Why won’t senseis ever give a straight answer?

How many lean senseis does it take to change a light bulb? One, the joke goes, but the light bulb has to really want to change.

Senseis don’t ever give straight answers because one, that would not help you develop, two, they often can’t answer the question in the terms you’ve framed it, and three, when they do give straight answers (or direct instructions to “clean the window”), you won’t like it any better. The sensei’s job is not to give straight answers, but to point to muda and ask “why?” until you start to see the muri or mura that creates the waste, or to stand you in a circle until you get the point of view of the operator.

Senseis don’t worry much about the immediate problems of production: that’s the responsibility of the person experiencing the problem.

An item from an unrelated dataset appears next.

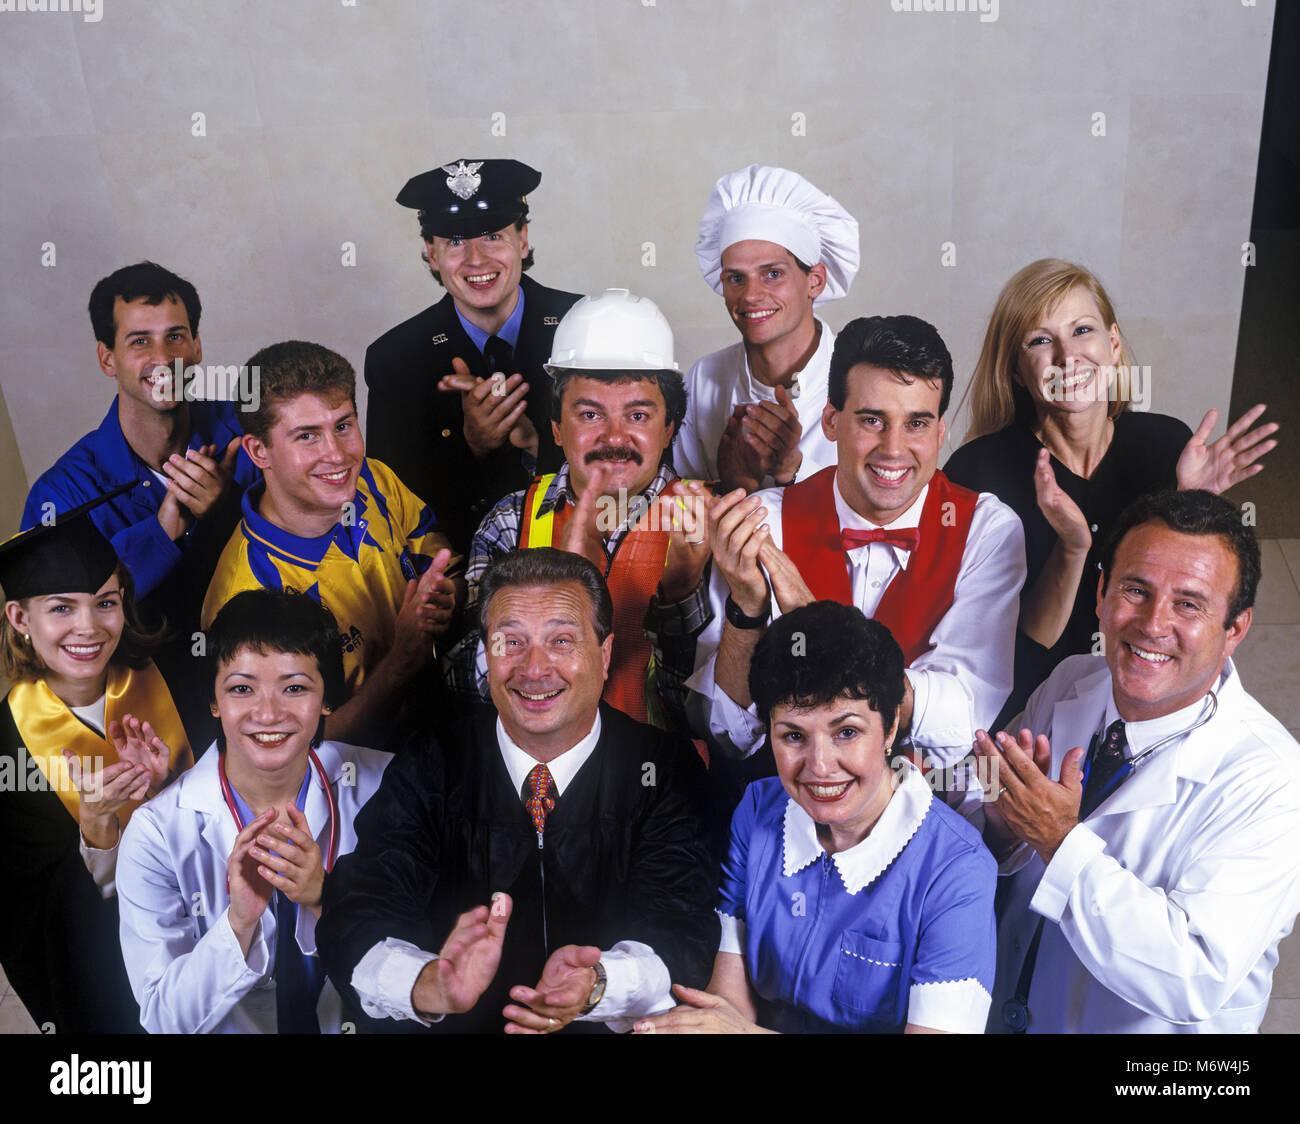 1996 histórico multiétnico grupo de ocupaciones Imagen De Stock
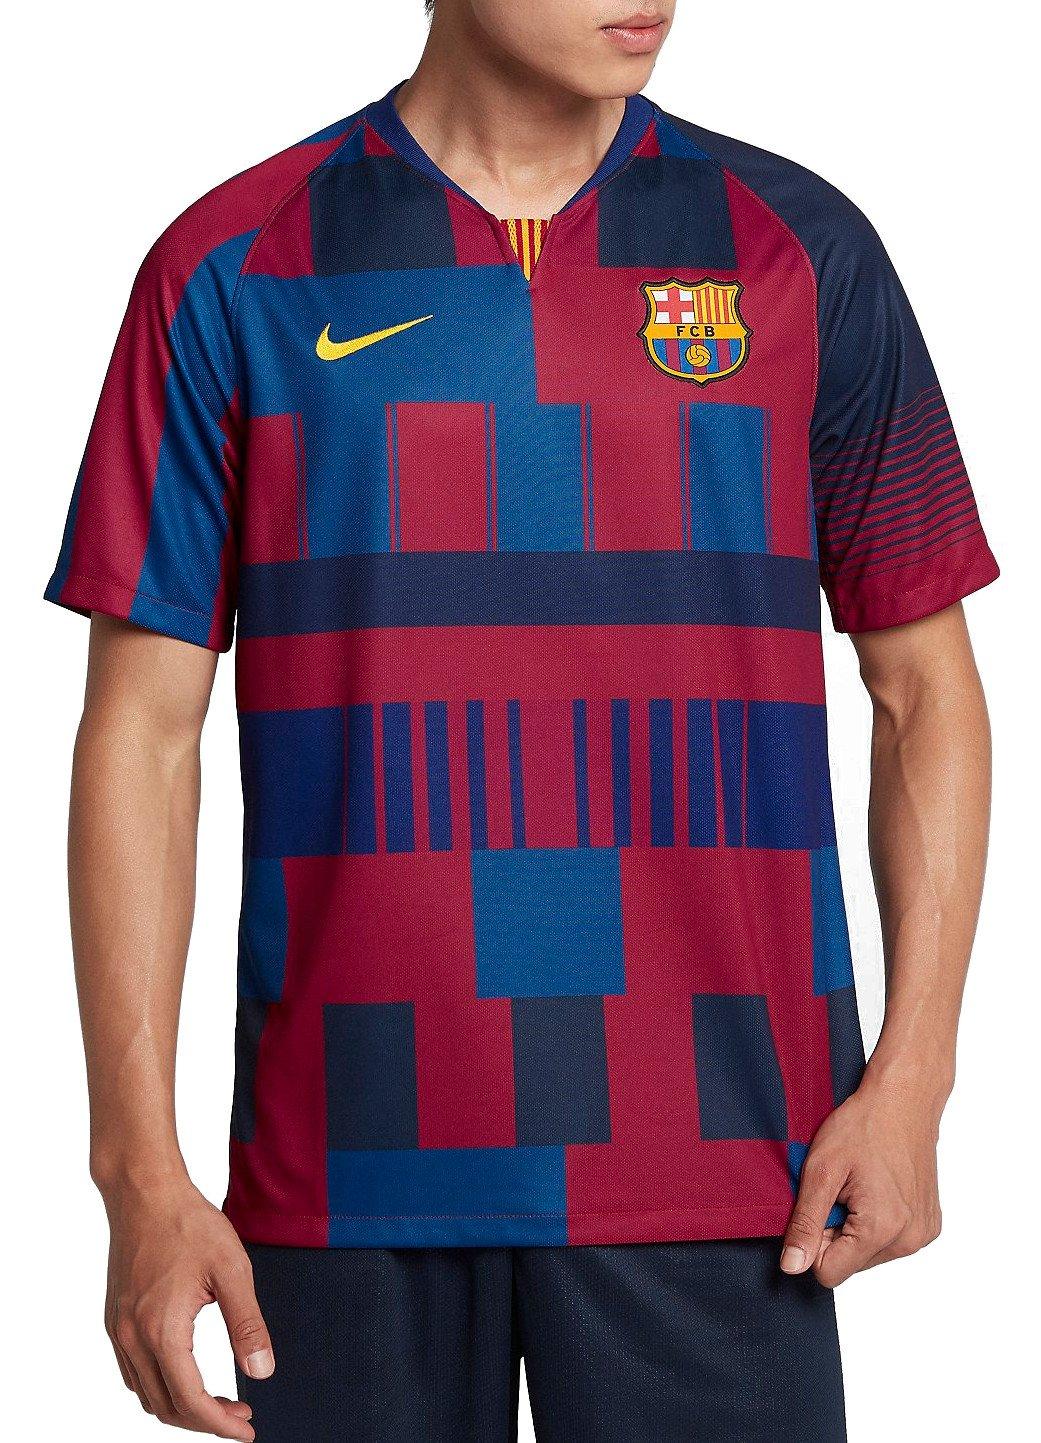 Replika pánského fotbalového dresu Nike FC Barcelona 2018/19

They worry instead about reinforcing the attitude of “customer first” and about developing the technical and teamwork skills of the people in front of them so that they will improve the capability of the processes they own.

It’s helpful to keep a few distinctions in mind concerning this topic. First of all, lean senseis are often Japanese (or trained by Japanese), and my understanding of Asian  tradition is that the onus for learning is on the learner. The teacher is good enough to demonstrate his or her knowledge, and the learner has to make the effort to, well, learn.

In the west, somehow the onus has shifted to the teacher, who is expected to interest students, to convince them, to keep them in the classroom and so on. It’s also important to note the difference between classroom learning and gemba study.

On the gemba, my challenge is to show: I have to find a demonstrative case in the messy reality that surrounds us, and to hold my student in front of it until they see (an extreme form of this being the infamous Ohno circle). I can’t see for them – they have to make the intuitive jump. The relationship is clear: they have to do the work until they’ve convinced me they have seen what I wanted to show them. In a classroom, on the other hand, I have to explain, and continue to explain until they feel they’ve understood or just had enough. It’s a very different teacher-student relationship.

Simplify to Amplify

One thing my father teaches is that lean progress is propelled by the two feet of improvement and involvement. Explaining more might help people make quicker progress on the improvement side. If you’re good at explaining, they’ll do whatever and we can all move on. However, this is not very engaging. Not giving the answer, on the other hand, is frustrating but very engaging. In his brilliant book Understanding Comics, Scott McCloud argues that comics are ingenious because they use amplification through simplification: they provide just enough information for you to fill in the meaning. One reason comic strips are so engaging is that from one drawing to the next, you get to fill in what happens—an action McCloud labels “closure” (and in fact breaks down into six subcategories). If the author draws an axe in one box, and a scream in the other, you get to fill in the murder – your mind can’t help it, even if it’s often unconscious: you’re involved, not by the literal representation but by the absence of it. In the same way, on the gemba, people get drawn in not by the sensei’s answers, but by the absence of them, as the mind struggles to fill in the blanks.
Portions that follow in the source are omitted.